Zahlen fakten solarenergie

Die Grundlagen: Was leistet eine Solaranlage wirklich?

Wenn du an Solarenergie denkst, stellst du dir wahrscheinlich diese dunklen Platten auf dem Dach vor. Diese Platten nennt man Photovoltaik-Module (kurz PV-Module). Sie wandeln Sonnenlicht direkt in elektrischen Strom um. Aber wie viel Strom kommt dabei heraus? Das ist die erste große Frage, und die Antwort hängt von verschiedenen Faktoren ab.

Die Leistung in Kilowatt Peak (kWp)

Jedes Solarmodul hat eine bestimmte Leistung, die unter idealen Testbedingungen gemessen wird. Diese Leistung gibst du in Kilowatt Peak (kWp) an. Das ist sozusagen die „Nennleistung“ der Anlage. Stell dir das vor wie den Motor deines Autos: Er hat eine bestimmte PS-Zahl, die er theoretisch liefern kann. Für ein typisches Einfamilienhaus empfehlen Experten oft Anlagen zwischen 5 und 10 kWp. Eine 8 kWp Anlage ist ein guter Richtwert für einen durchschnittlichen Vier-Personen-Haushalt, der viel Strom verbraucht oder plant, ein Elektroauto zu laden.

VIDEO: 5 Jahre Photovoltaik mit Speicher – wrden wir alles wieder so machen? Zahlen, Daten, Fakten.

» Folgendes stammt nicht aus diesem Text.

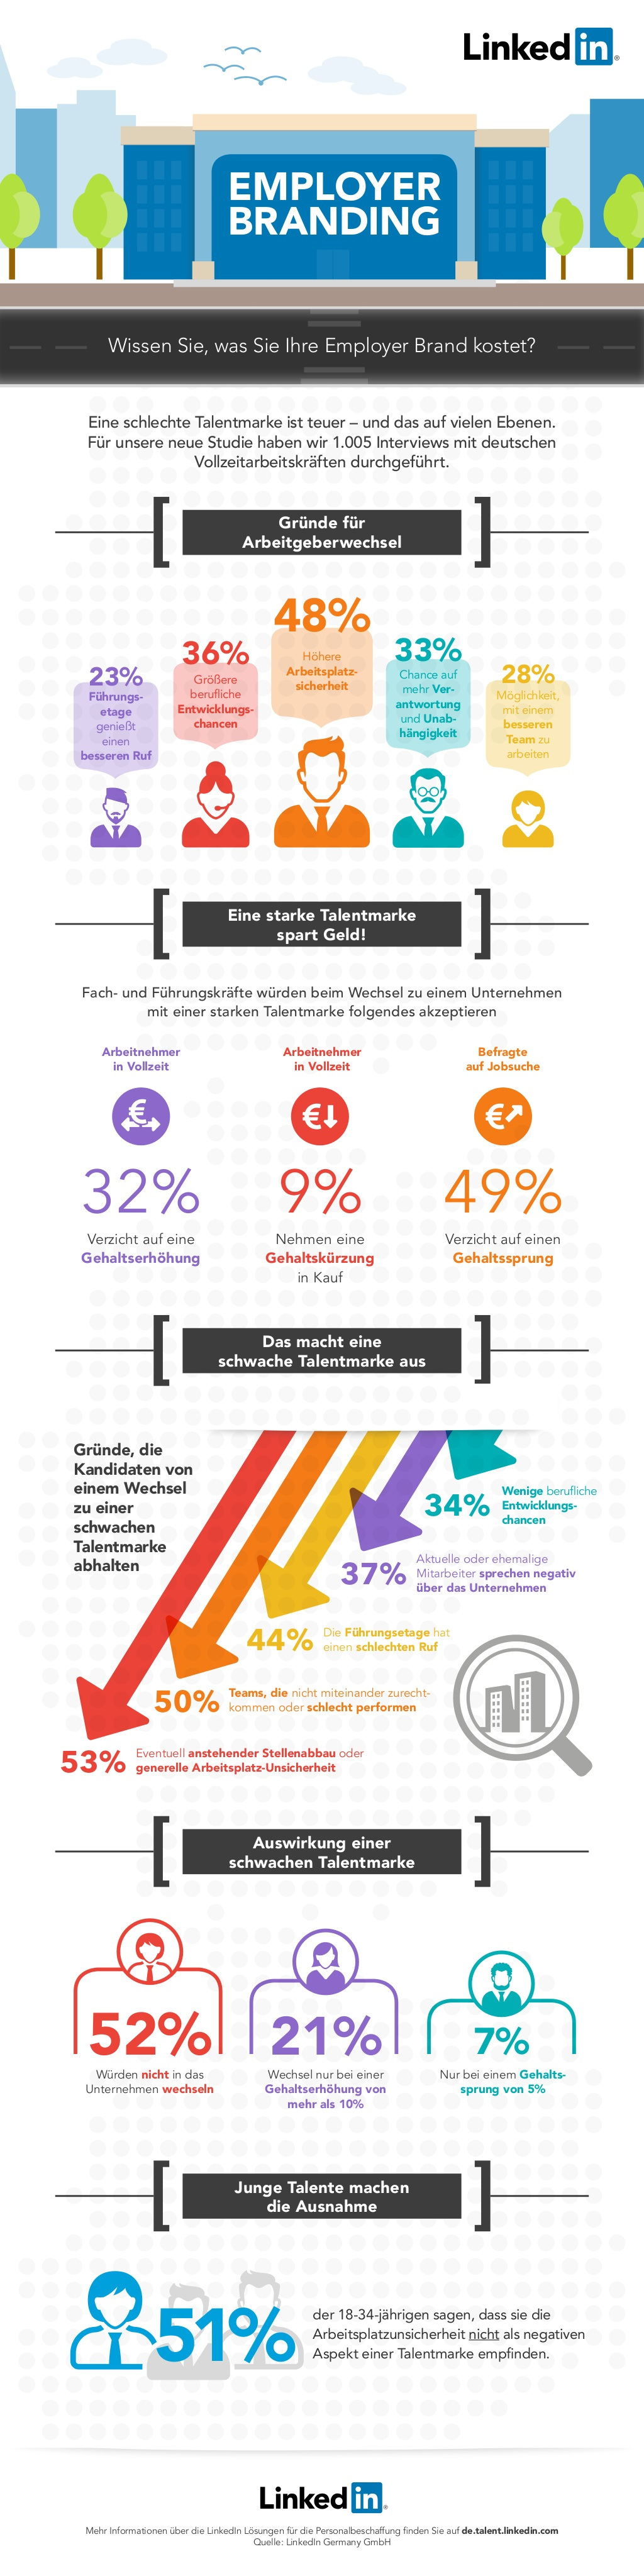 Infografik von LinkedIn zur Studie

Der Jahresertrag: Die wichtigste Zahl für deine Rechnung

Die kWp-Zahl allein sagt wenig über den tatsächlichen Ertrag über das Jahr aus. Wichtiger ist der Jahresertrag, also wie viel Kilowattstunden (kWh) die Anlage im Laufe eines Jahres produziert. In Deutschland liegt der spezifische Jahresertrag je nach Standort und Ausrichtung des Daches meistens zwischen 850 und 1.100 kWh pro installiertem kWp.

Rechnen wir das kurz durch: Wenn du eine 8 kWp Anlage hast und dein Dach perfekt nach Süden ausgerichtet ist, kannst du mit etwa 8.800 kWh im Jahr rechnen (8 kWp multipliziert mit 1.100 kWh/kWp). Wenn das Dach ungünstig liegt (z.B. nach Osten/Westen), landen wir eher bei 7.500 kWh (8 kWp multipliziert mit 950 kWh/kWp). Das sind die Zahlen, die du brauchst, um deinen Strombedarf mit deiner eigenen Produktion abzugleichen. Schau mal auf deine alten Stromrechnungen – wie viele kWh hast du im letzten Jahr verbraucht? Diese Zahl ist dein Zielwert.

Der Einfluss von Wetter und Schatten

Natürlich scheint die Sonne nicht immer gleich stark. Deshalb gibt es diesen Unterschied zwischen der theoretischen Maximalleistung und der tatsächlichen Erzeugung. Bewölkte Tage im Winter bringen weniger Strom als ein sonniger Tag im Mai. Das ist normal. Moderne Wechselrichter, die das Herzstück deiner Anlage sind und den Gleichstrom der Module in haushaltsüblichen Wechselstrom umwandeln, sind heutzutage sehr gut darin, auch bei diffusem Licht noch Leistung zu erzeugen. Achte bei der Planung darauf, dass Bäume oder Schornsteine keine dauerhaften Schatten auf die Module werfen – selbst ein kleiner Schatten kann die Leistung des gesamten Strangs stark mindern.

Wirtschaftlichkeit: Was kostet die Investition und wann amortisiert sie sich?

Jetzt kommen wir zum Kernpunkt vieler Überlegungen: Die Kosten. Du fragst dich wahrscheinlich, wie hoch die Anfangsinvestition ist und wann du die erste Stromrechnung sparst. Die Zahlen hier ändern sich ständig, aber ich gebe dir eine realistische Orientierung.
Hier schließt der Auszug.